## About this task
Without reproducing any image, print the listing below exactly.

## Given data
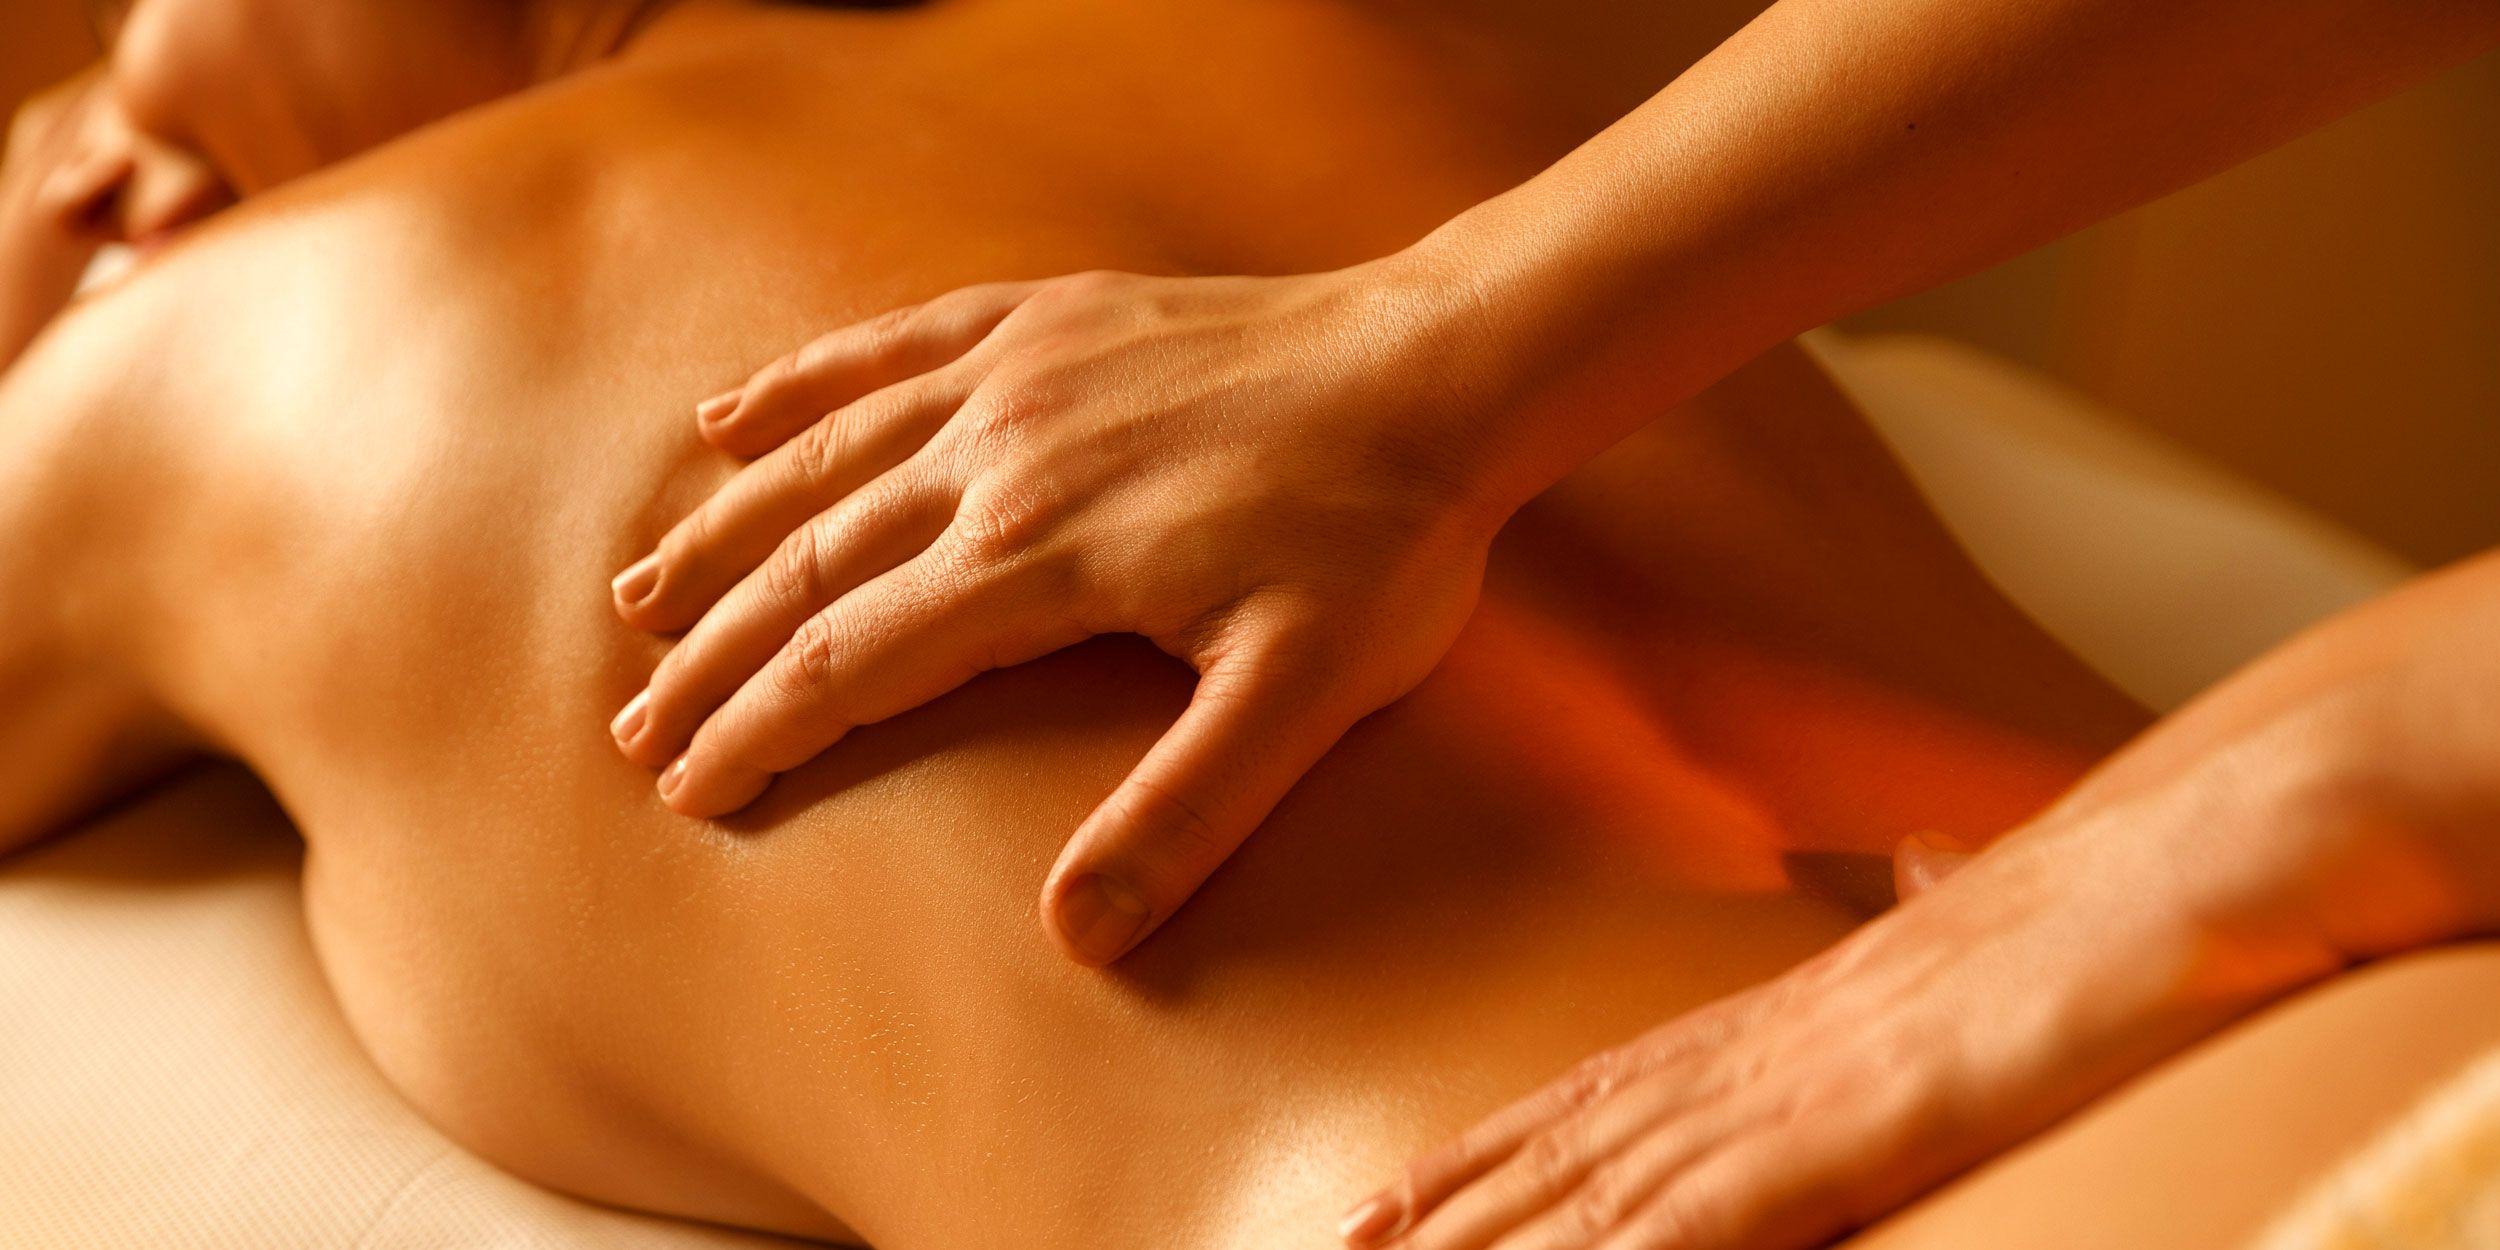 lingam massage best dating app
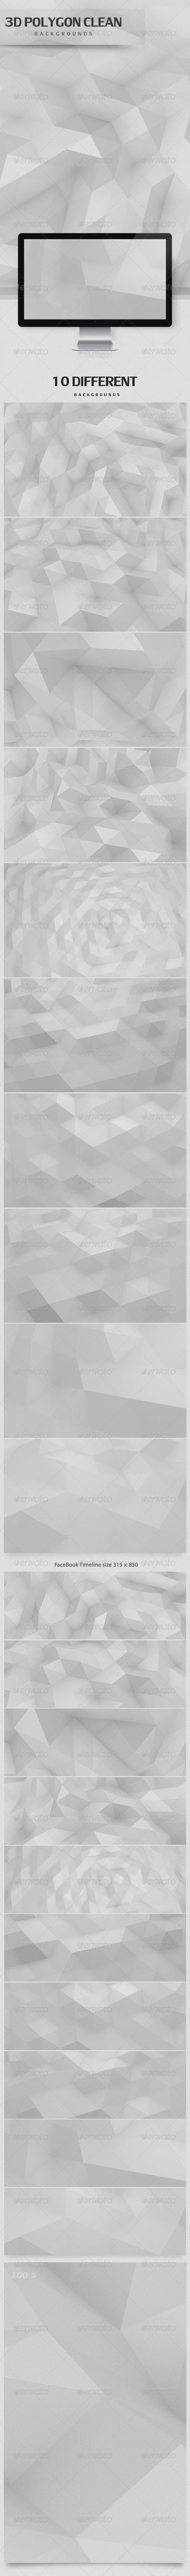 3D Polygon Clean Backgrounds - 3D Backgrounds
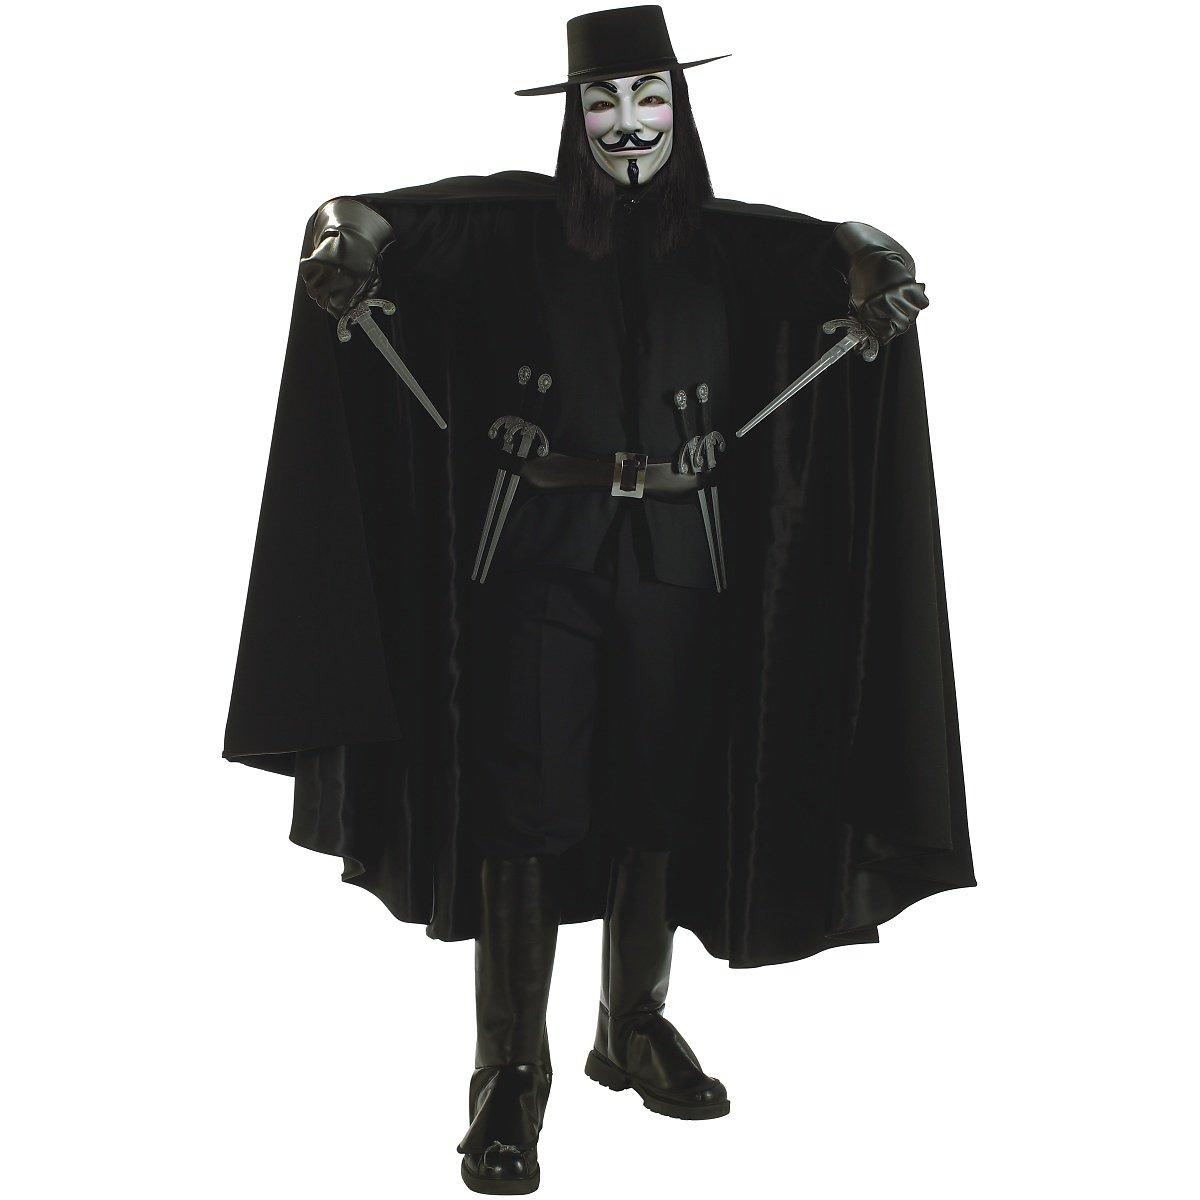 Super Deluxe V for Vendetta Adult Costume - Standard
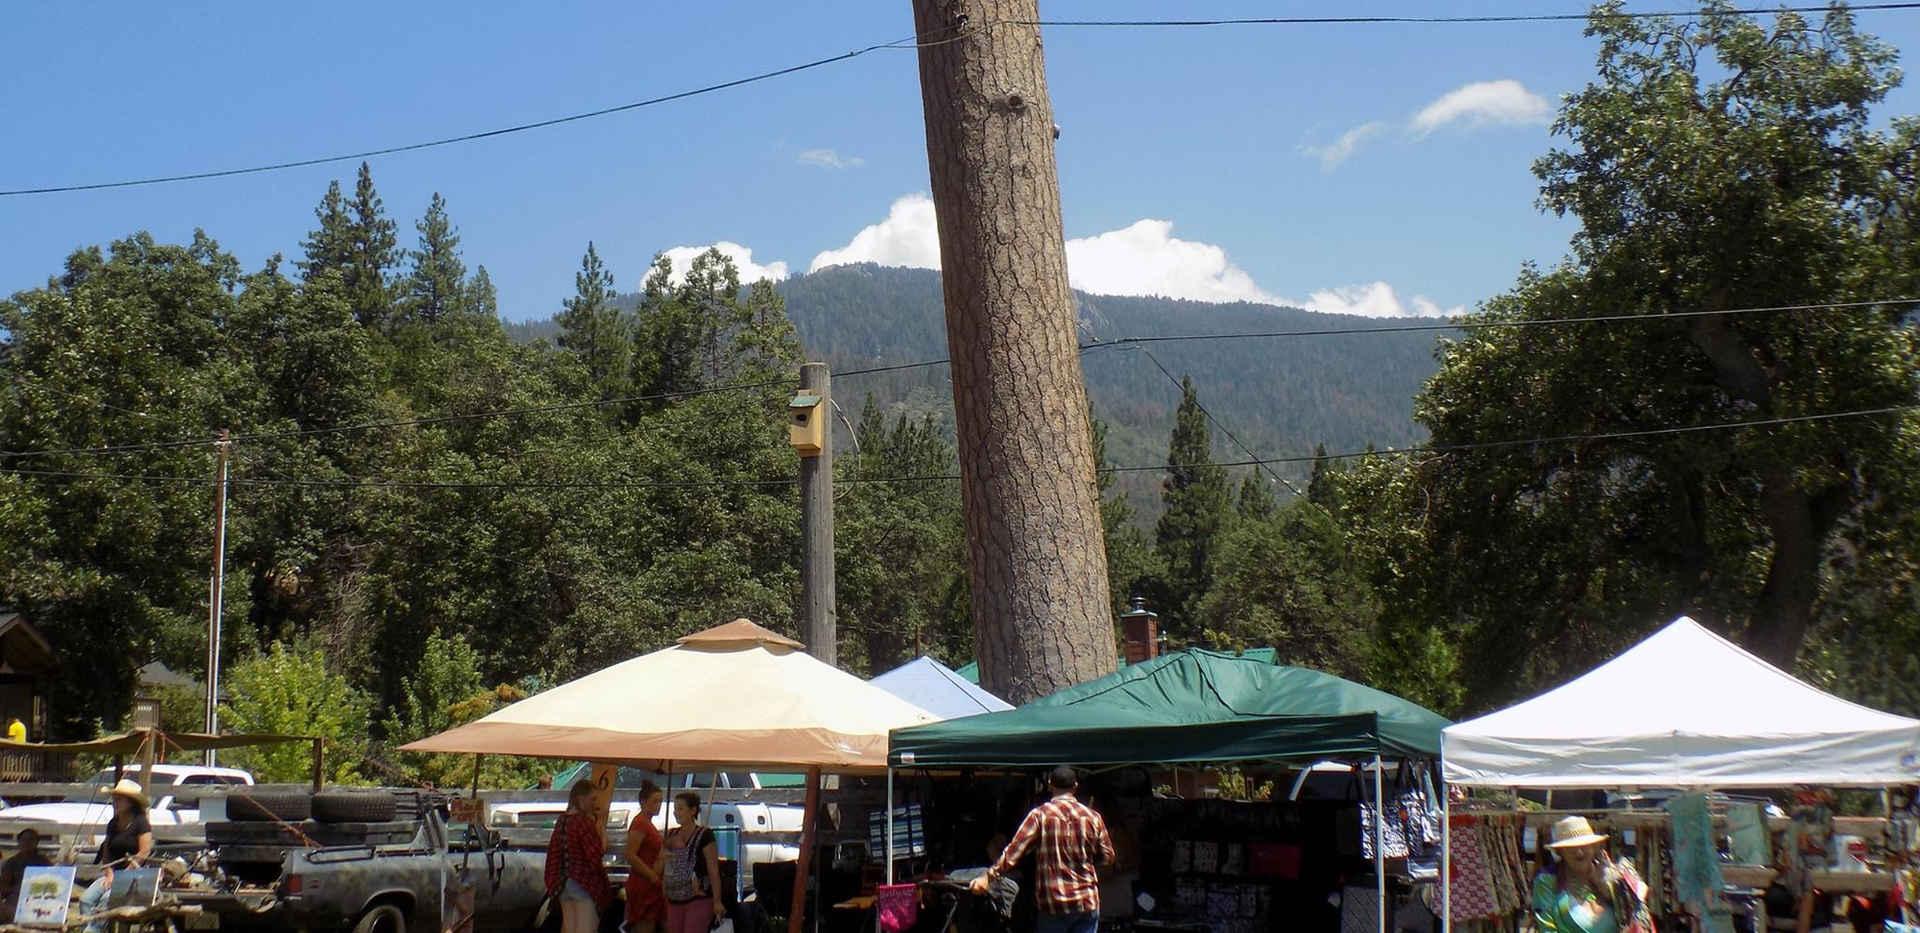 Camp Nelson Mountain Festival Vendors

## Finished task
 lingam massage best dating app
 3D Polygon Clean Backgrounds - 3D Backgrounds
 Super Deluxe V for Vendetta Adult Costume - Standard
 Camp Nelson Mountain Festival Vendors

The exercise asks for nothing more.